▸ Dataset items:
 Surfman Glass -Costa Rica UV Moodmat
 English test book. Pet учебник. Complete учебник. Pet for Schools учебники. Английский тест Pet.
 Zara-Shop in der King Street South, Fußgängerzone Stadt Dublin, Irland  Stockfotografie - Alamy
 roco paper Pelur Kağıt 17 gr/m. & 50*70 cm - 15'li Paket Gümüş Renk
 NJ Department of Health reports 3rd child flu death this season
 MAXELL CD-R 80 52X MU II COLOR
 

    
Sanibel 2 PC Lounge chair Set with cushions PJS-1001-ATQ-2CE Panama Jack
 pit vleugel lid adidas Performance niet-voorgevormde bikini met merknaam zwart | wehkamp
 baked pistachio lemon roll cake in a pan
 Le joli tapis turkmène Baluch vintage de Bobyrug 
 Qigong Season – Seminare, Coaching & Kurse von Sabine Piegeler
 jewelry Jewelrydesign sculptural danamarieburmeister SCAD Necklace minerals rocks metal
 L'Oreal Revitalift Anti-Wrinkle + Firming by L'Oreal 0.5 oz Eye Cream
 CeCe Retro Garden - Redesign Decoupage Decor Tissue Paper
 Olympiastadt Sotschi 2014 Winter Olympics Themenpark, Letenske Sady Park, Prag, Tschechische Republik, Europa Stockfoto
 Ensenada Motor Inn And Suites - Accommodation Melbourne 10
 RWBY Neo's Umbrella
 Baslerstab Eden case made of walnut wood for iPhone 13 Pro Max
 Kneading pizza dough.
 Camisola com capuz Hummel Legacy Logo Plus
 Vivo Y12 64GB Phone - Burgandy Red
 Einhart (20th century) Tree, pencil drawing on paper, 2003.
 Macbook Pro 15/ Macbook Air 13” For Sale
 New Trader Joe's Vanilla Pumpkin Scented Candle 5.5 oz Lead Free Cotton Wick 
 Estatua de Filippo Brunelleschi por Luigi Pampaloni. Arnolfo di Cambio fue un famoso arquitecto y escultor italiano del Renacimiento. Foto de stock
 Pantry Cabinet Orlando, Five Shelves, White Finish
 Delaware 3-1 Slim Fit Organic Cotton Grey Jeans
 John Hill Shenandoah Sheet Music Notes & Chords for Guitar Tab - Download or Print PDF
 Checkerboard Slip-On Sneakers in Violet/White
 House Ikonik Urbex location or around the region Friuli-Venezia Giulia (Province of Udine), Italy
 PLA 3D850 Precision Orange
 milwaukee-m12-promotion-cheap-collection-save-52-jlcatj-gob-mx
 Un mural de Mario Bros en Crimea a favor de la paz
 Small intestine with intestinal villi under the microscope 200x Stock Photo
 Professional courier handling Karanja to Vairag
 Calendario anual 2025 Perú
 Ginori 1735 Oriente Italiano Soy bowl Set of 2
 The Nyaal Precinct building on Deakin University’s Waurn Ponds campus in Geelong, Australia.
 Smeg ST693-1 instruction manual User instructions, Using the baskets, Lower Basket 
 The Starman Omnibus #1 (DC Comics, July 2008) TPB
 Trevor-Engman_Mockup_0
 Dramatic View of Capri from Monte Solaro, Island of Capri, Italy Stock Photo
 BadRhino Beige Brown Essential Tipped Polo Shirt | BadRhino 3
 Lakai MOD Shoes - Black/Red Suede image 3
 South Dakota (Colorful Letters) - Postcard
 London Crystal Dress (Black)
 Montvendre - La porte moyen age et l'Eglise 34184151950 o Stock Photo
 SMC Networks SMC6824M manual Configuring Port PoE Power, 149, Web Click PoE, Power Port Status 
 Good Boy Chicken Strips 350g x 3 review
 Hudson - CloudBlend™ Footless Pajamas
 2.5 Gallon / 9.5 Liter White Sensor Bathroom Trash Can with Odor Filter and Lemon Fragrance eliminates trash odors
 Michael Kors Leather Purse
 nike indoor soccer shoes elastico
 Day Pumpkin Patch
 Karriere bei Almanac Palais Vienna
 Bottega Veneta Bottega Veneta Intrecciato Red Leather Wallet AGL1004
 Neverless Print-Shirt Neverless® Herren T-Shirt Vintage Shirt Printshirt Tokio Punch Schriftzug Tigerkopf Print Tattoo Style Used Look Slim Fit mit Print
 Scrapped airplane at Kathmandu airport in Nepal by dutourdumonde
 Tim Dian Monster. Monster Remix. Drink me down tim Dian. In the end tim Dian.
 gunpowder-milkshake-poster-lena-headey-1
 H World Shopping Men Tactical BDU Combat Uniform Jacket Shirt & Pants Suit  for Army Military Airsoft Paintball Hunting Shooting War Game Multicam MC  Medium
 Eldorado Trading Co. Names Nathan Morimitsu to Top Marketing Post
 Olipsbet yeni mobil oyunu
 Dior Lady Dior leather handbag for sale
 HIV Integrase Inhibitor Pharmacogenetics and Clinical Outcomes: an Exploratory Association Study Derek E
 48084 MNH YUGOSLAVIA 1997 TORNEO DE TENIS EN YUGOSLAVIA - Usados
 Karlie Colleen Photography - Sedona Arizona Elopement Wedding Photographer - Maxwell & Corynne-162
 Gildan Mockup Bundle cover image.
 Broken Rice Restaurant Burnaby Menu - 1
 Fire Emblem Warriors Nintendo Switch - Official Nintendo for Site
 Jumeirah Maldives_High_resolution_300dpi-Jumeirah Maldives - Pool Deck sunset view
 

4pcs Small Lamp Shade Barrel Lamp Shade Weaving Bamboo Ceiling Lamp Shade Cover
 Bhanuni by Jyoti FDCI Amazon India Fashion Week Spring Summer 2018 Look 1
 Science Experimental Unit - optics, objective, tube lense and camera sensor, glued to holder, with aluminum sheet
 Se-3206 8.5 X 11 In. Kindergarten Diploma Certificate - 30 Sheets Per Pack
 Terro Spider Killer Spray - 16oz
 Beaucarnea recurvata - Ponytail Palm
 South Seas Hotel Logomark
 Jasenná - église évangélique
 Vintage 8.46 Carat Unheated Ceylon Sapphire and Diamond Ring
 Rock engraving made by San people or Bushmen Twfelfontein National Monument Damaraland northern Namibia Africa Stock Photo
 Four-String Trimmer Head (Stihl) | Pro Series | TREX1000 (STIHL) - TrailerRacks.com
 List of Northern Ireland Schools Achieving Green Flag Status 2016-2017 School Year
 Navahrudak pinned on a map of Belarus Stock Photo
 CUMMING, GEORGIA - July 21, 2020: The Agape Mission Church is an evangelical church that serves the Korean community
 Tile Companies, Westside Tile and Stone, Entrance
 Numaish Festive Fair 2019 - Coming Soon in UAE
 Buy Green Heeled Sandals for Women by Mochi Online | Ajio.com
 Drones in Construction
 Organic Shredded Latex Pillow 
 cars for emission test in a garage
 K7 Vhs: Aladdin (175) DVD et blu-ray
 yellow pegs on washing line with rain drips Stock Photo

▸ Problem details: Copy out all the lines of the records that include "White".

▸ Solution:
 Pantry Cabinet Orlando, Five Shelves, White Finish
 Checkerboard Slip-On Sneakers in Violet/White
 2.5 Gallon / 9.5 Liter White Sensor Bathroom Trash Can with Odor Filter and Lemon Fragrance eliminates trash odors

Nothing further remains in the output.